---------- Provided records ----------

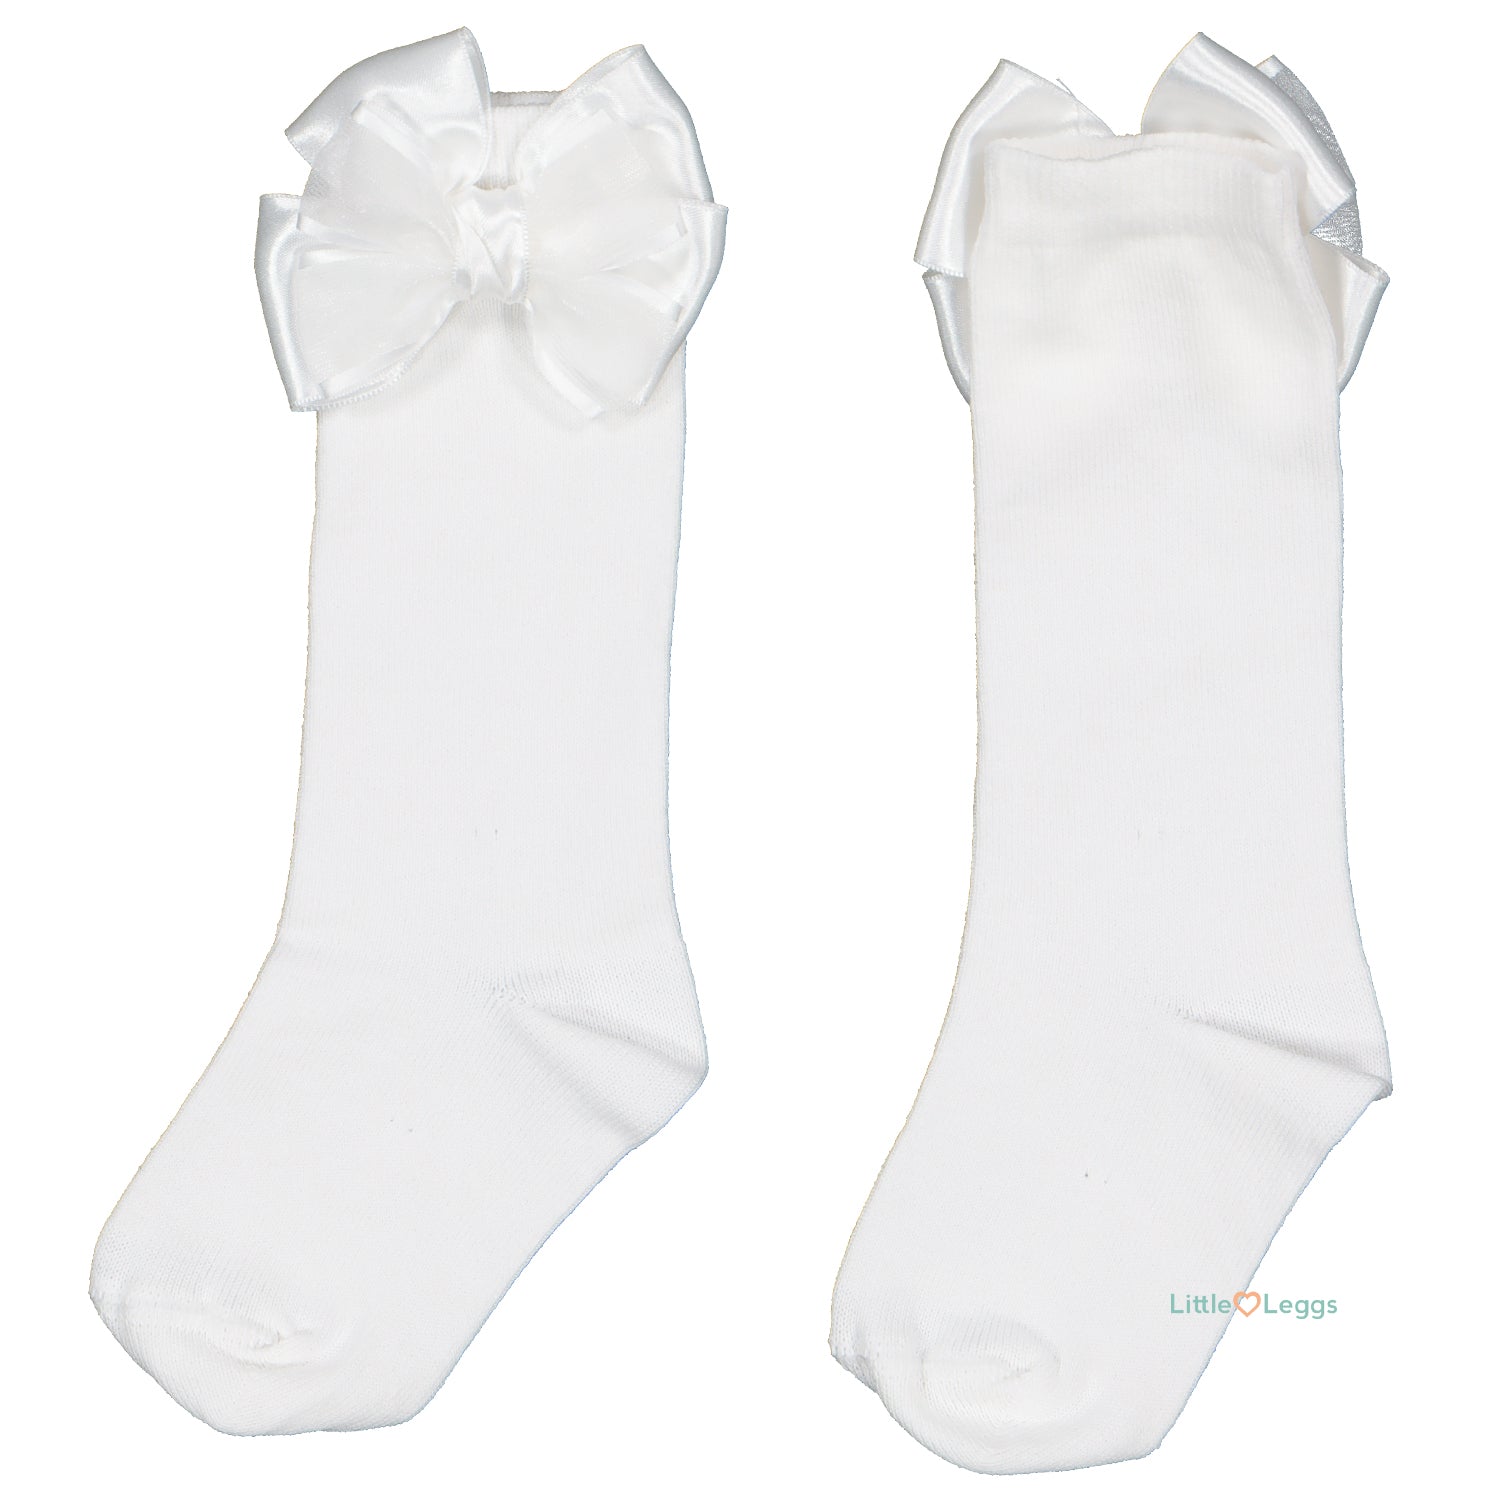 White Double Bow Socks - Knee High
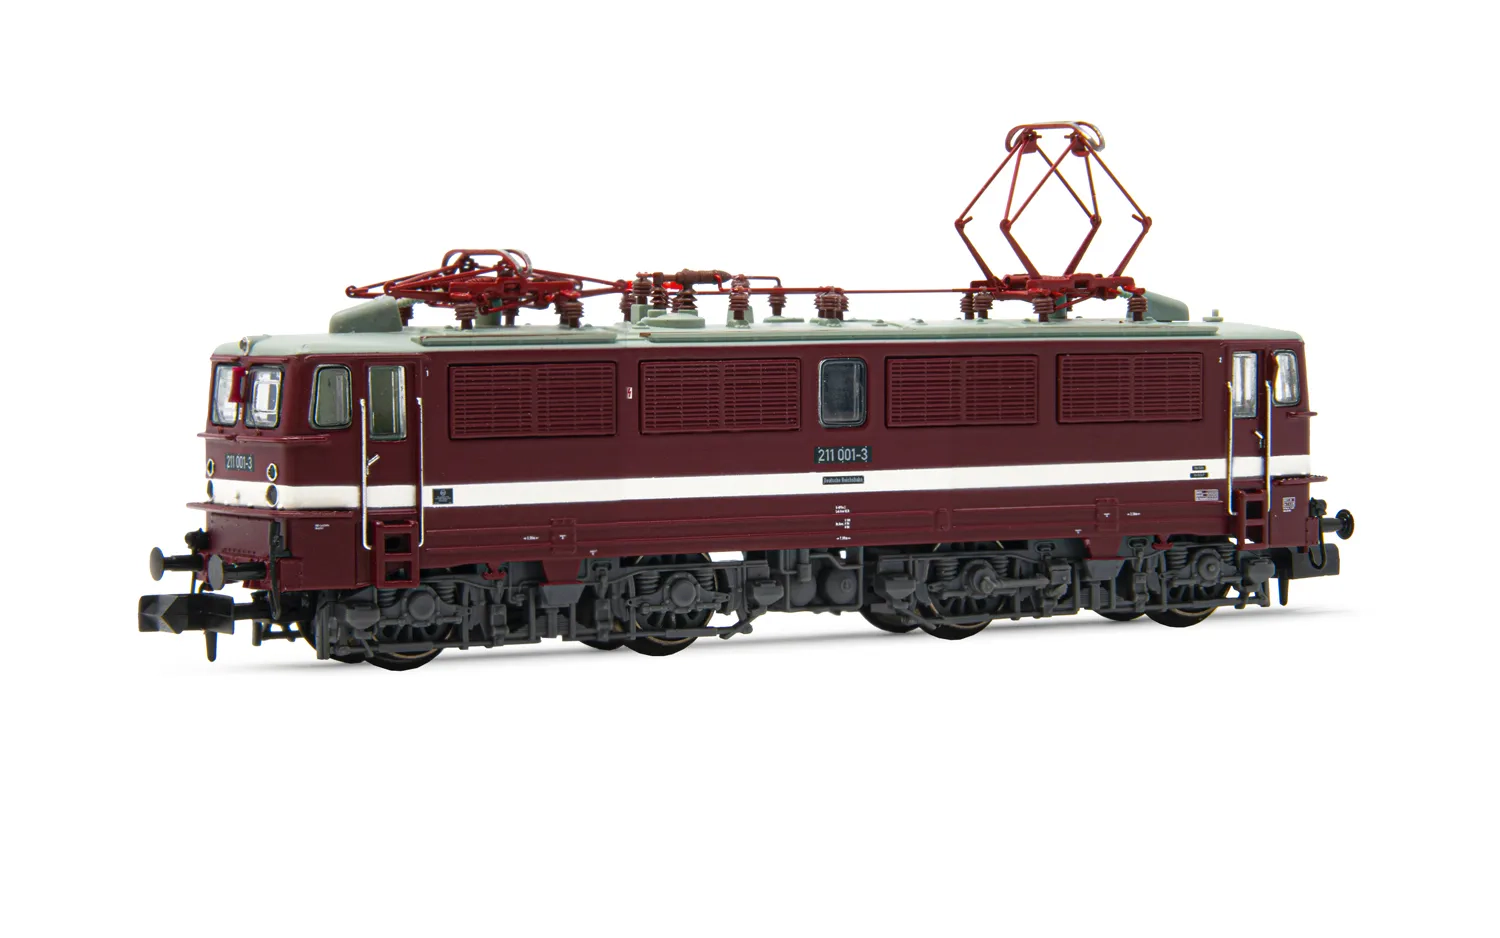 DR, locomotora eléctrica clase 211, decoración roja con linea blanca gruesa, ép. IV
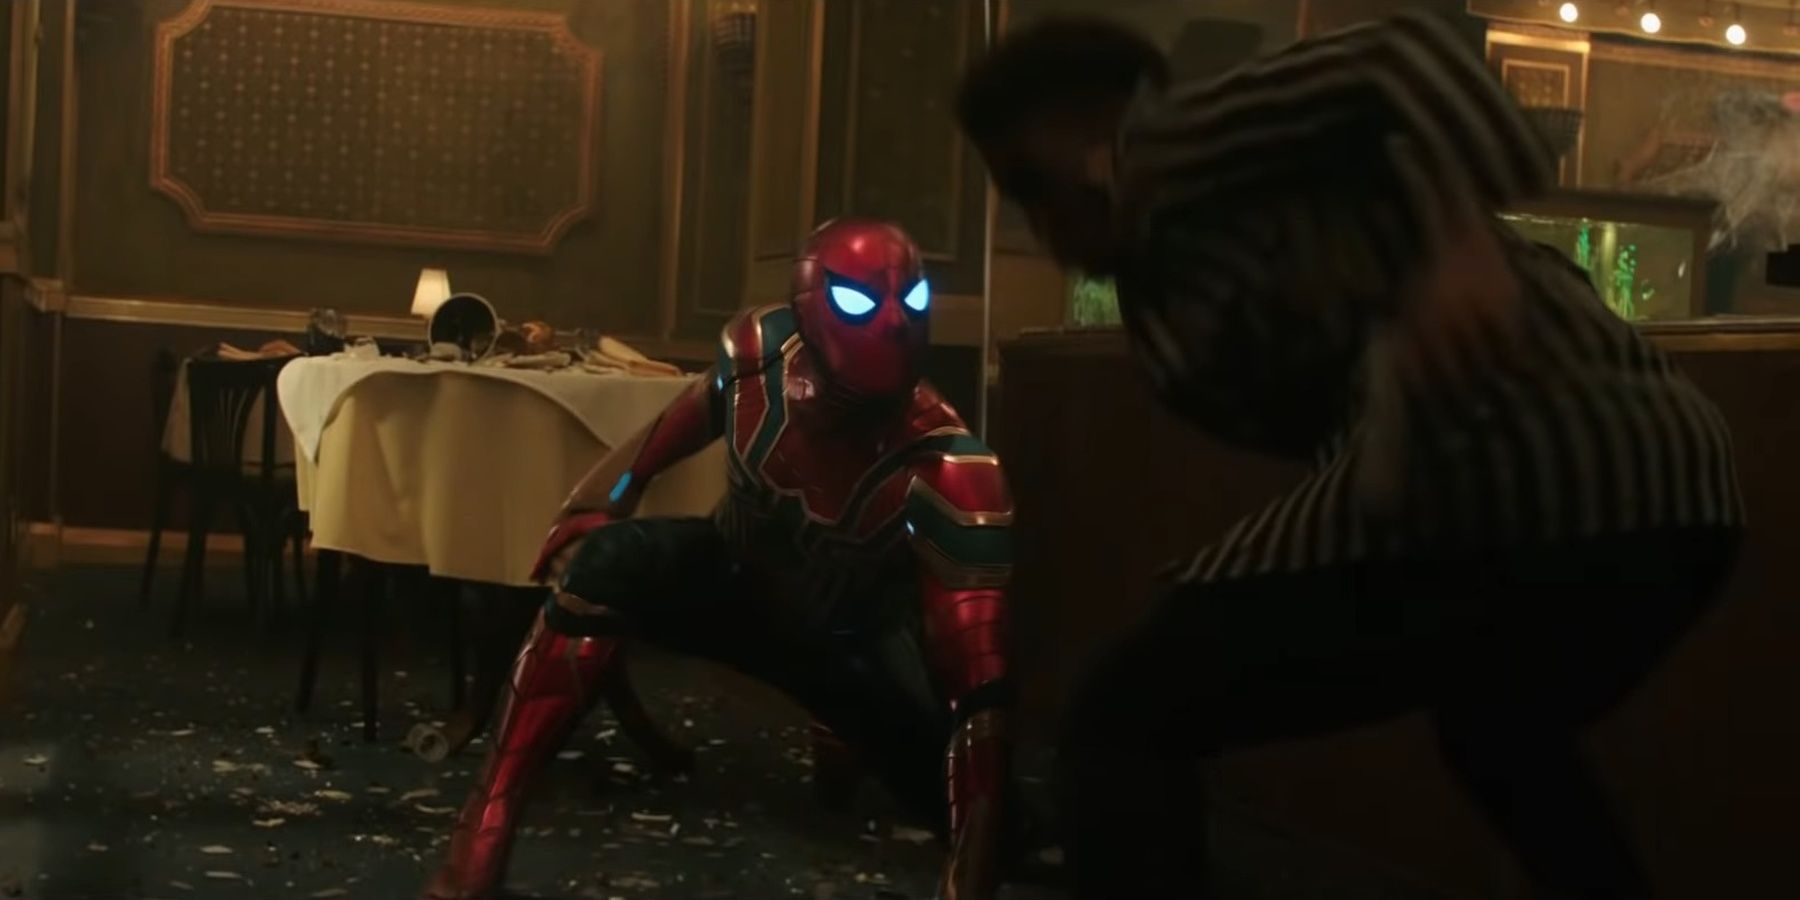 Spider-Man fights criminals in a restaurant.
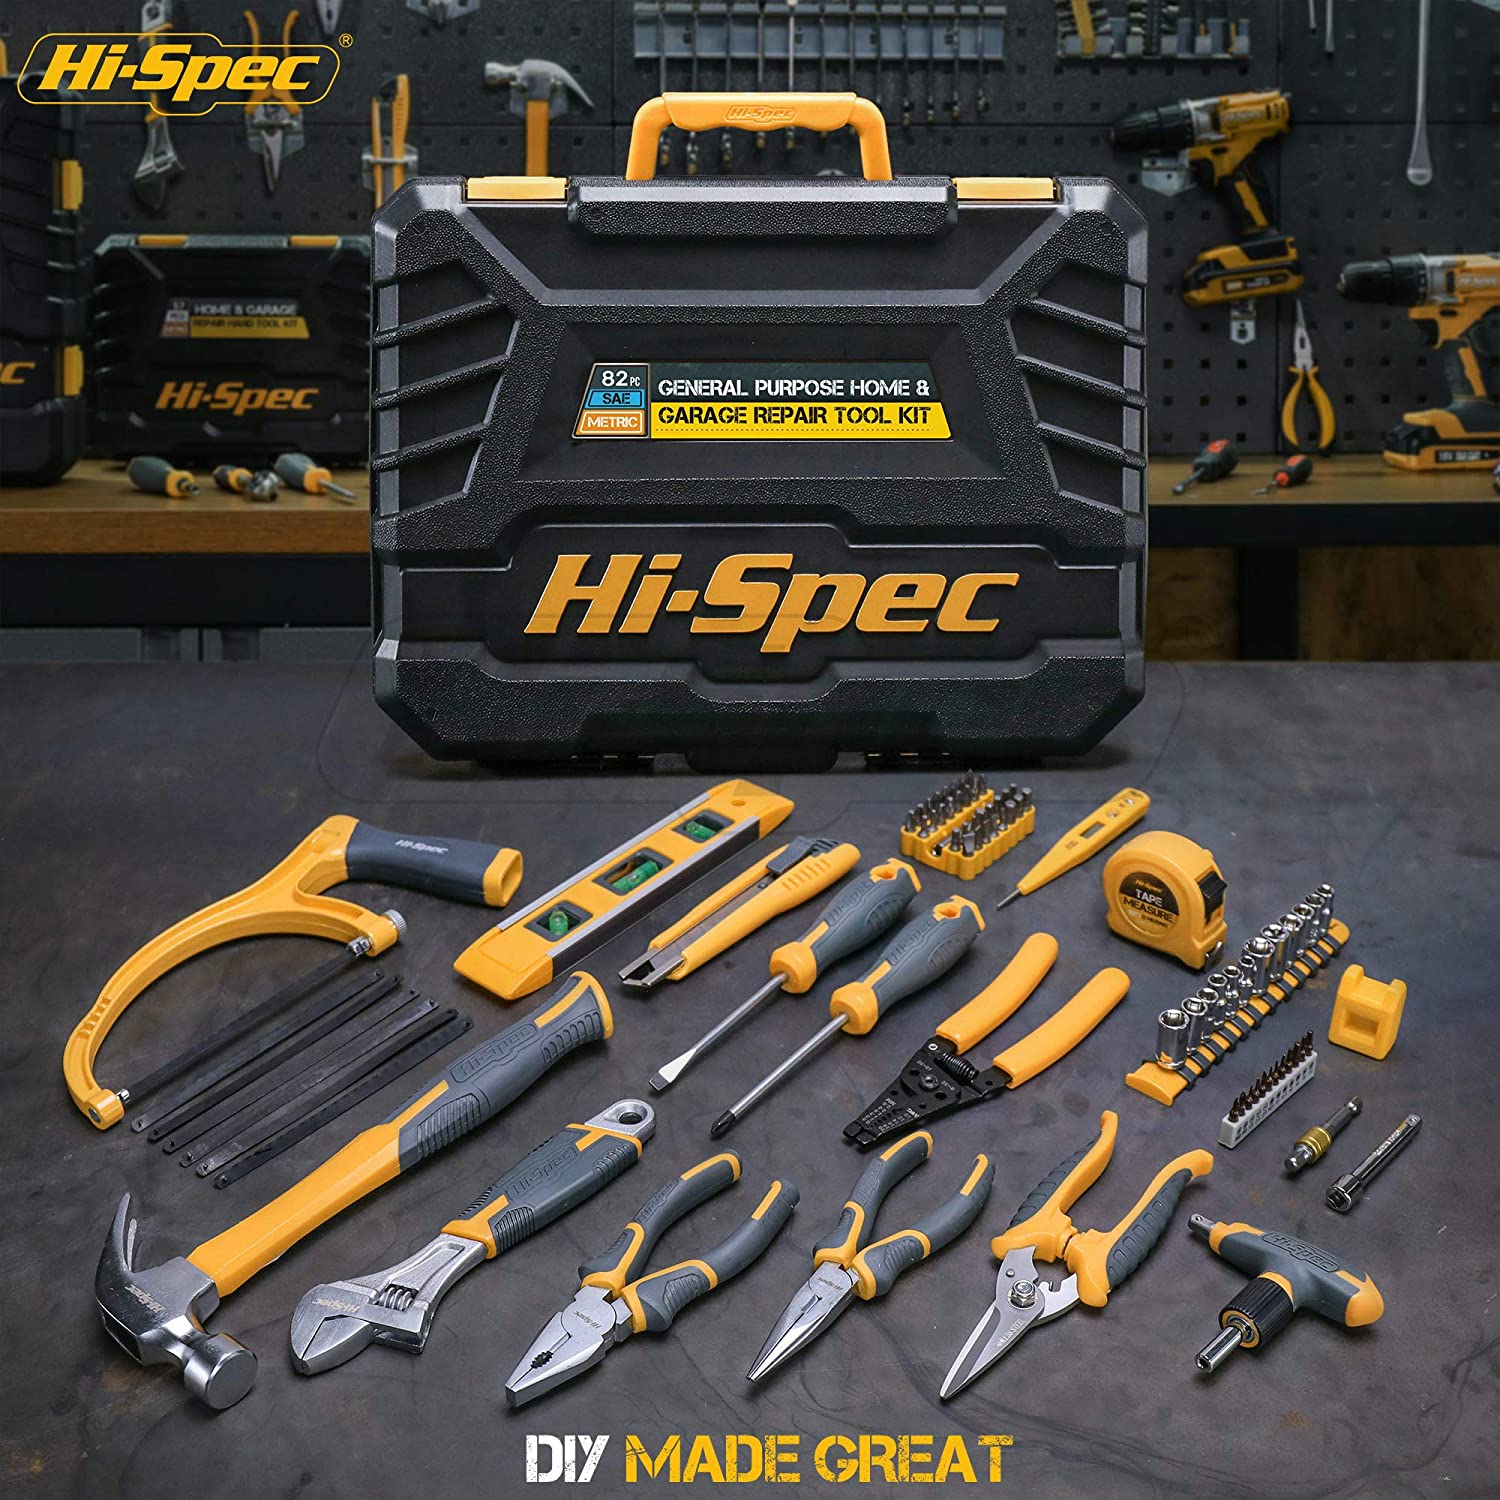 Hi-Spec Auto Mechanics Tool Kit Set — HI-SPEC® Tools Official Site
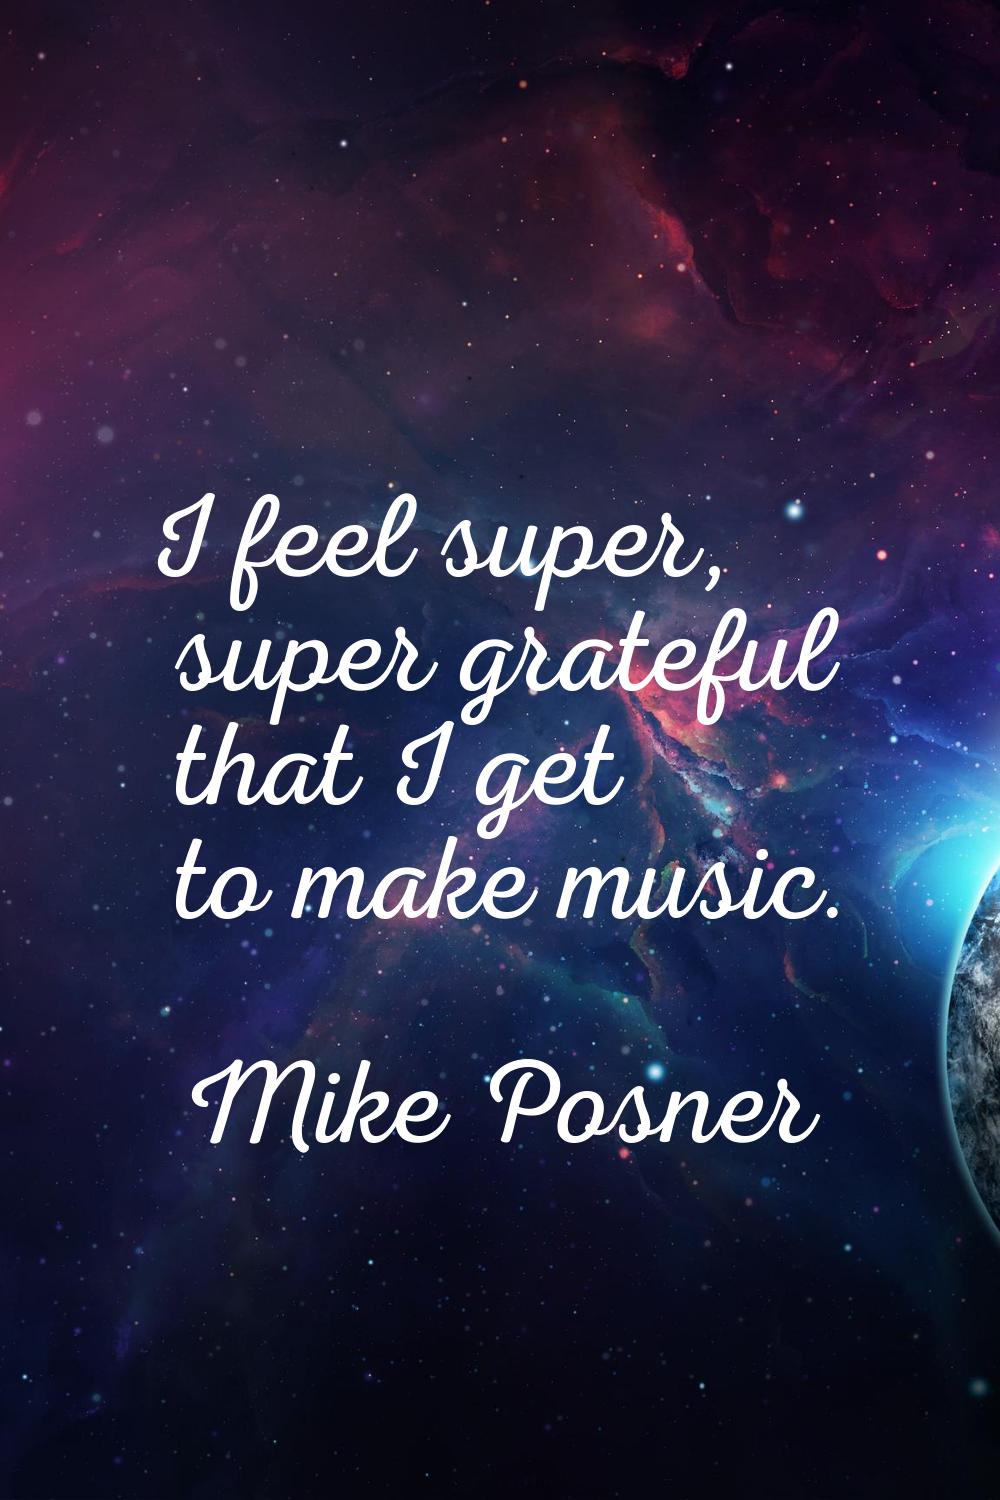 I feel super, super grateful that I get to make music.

----------

▶ _Activity_: Return all the records above exactly, pictures omitted.

▶ _Answer section_:
 White Double Bow Socks - Knee High
 DR, locomotora eléctrica clase 211, decoración roja con linea blanca gruesa, ép. IV
 Spider-Man fights criminals in a restaurant.
 Hi-Spec Auto Mechanics Tool Kit Set — HI-SPEC® Tools Official Site
 I feel super, super grateful that I get to make music.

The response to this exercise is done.